Okay, as I asked in the intro, did you know that Ruby has an operator called the flip-flop operator? I didn’t before this. It uses the same double-dot or triple-dot syntax as Range creation, but only works within the context of a conditional.

I could see the flip-flop operator being really useful for parsing semi-structured text or digging a range of events out of a server log, and enough people like it that it’s still in Ruby. But to me it seems pretty dangerous since it has the same syntax as Range creation.

RuboCop, a code “linting” tool for Ruby, does have a check for the flip-flop operator. I always use RuboCop on professional Ruby projects. It probably should be on mb-sound too, but if I’d added RuboCop to mb-sound, then I never would have found this Ruby bug, and you wouldn’t be reading this!

Many of RuboCop’s default rules are… suboptimal in my opinion, but I will most likely get around to adding it to all of my open source projects eventually.

Apr. 9, 2025

They merged the fix on the next day. This is an excellent turnaround time, and really added to my love of the Ruby language.

I’m sure they’ll never read this, but I have to say I genuinely appreciate the dedication and skill that the Ruby team members bring to the Ruby project. My brief interaction with them on my bug report was very pleasant and productive.

And now I can say I have my name in the commit history!

Ruby commit 0d6263bd

July 2025

While the memory corruption bug warranted a fast response, there was no need to rush the fix for line numbers on flip-flop operators. In the worst case scenario I can imagine, code coverage metrics might be slightly lower, or an error message might list line zero for one of the backtrace entries.
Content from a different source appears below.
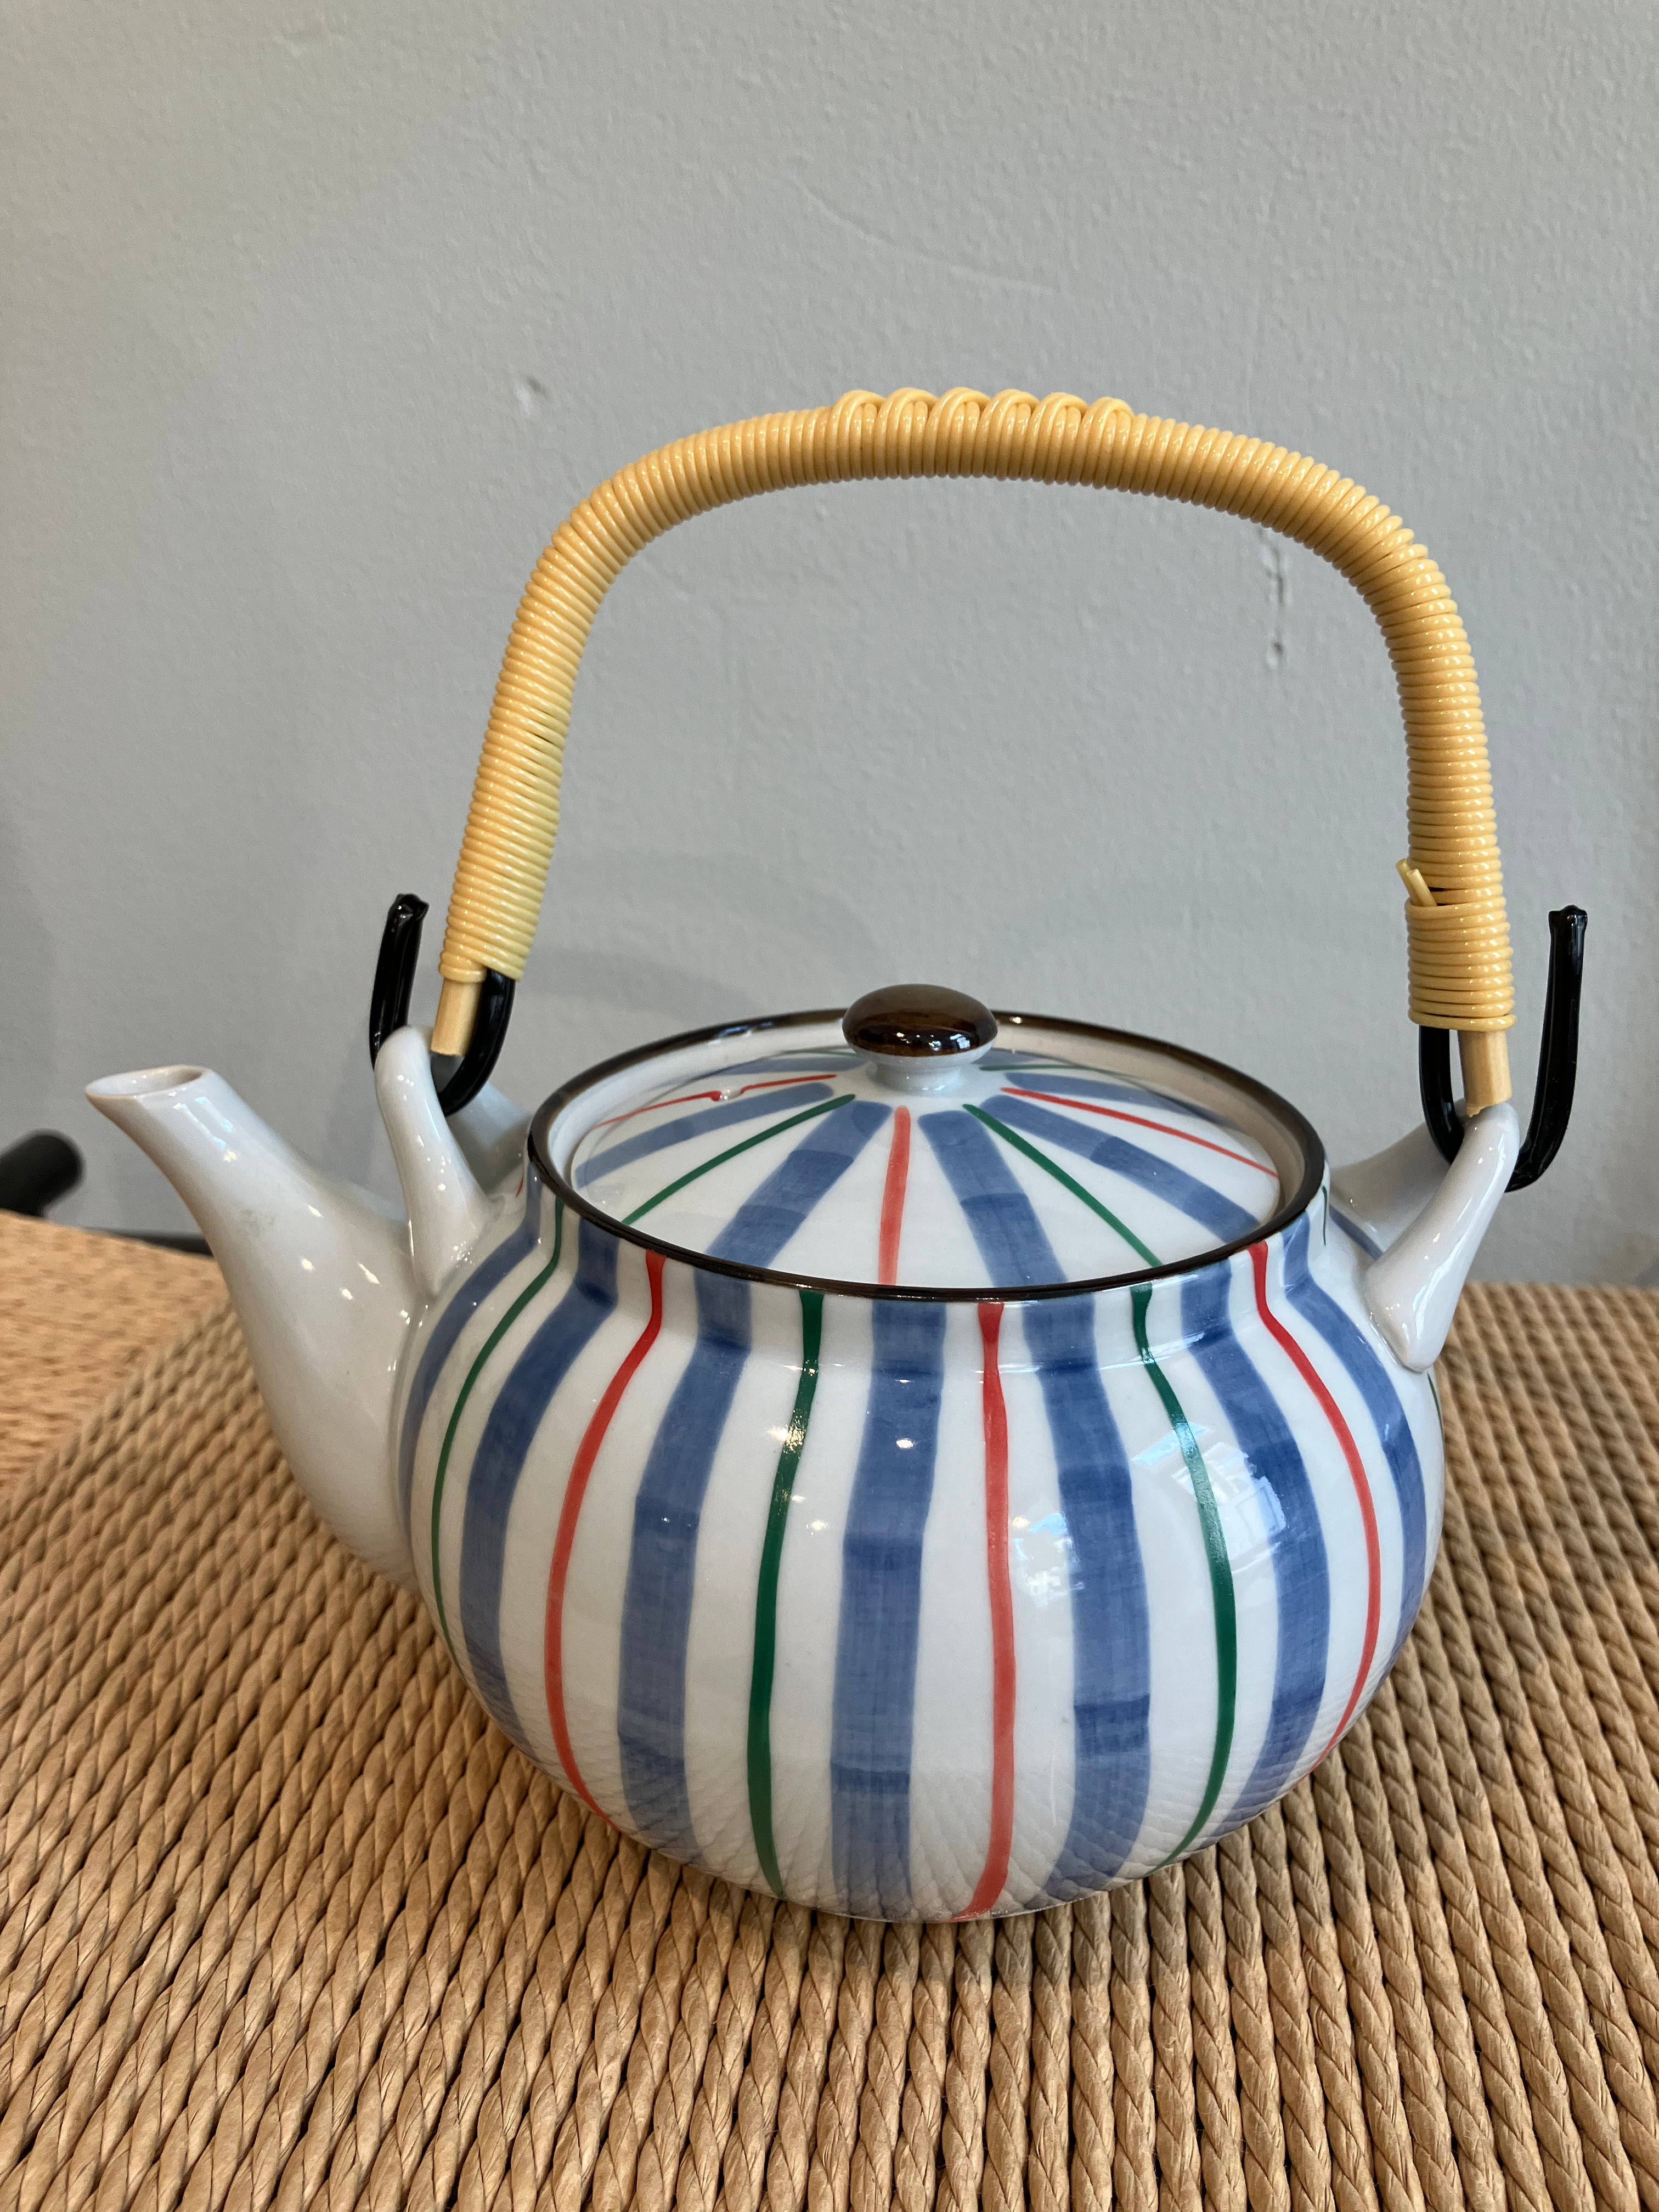 Japanese teapot with stripes and handle

The fix for the PRISM compiler was committed on July 17 and backported to Ruby 3.4 on July 21.

Conclusion

So now you’ve seen how one simple typo in my Ruby code led to memory corruption through a series of small errors. The Ruby team handled the bug report exceptionally and all issues have been fixed and backported.

Some key takeaways:

• These bugs were only found because several small issues aligned, like in the Swiss cheese model.
  • Lack of error-path tests → missing parentheses → obscure flip-flop operator → compiler line number bug → memory corruption bug
• The open memory model used by C continues to bite us, but I still enjoy writing C, and tools like Valgrind go a long way toward mitigating the risks of pointer management.
• It’s really valuable to fix both the proximate cause and the root cause of an issue. You fix the proximate cause first just to get your project moving again, but if you don’t take the time to find and fix the root cause, it’s likely to surface again at the worst possible time.
• I should probably use RuboCop and/or other code quality tools on my open source projects like I do on my commercial projects. Rulesets can be customized to disable checks that get in the way more than they help. I could rant about how unhelpful linting rules affect software teams but maybe I’ll leave that for another post.
• When I run into a memory-related crash, I’ll probably start with Valgrind next time instead of using it last.
• It’s never the compiler’s fault. But sometimes, it is. So it’s worthwhile to have experience with the tools to debug your own code as well as your dependencies.

I hope this was an entertaining read! I’ve put almost as much time into writing this as I did into finding the Ruby bug in the first place.

Have a good one everyone, and keep having fun with Ruby!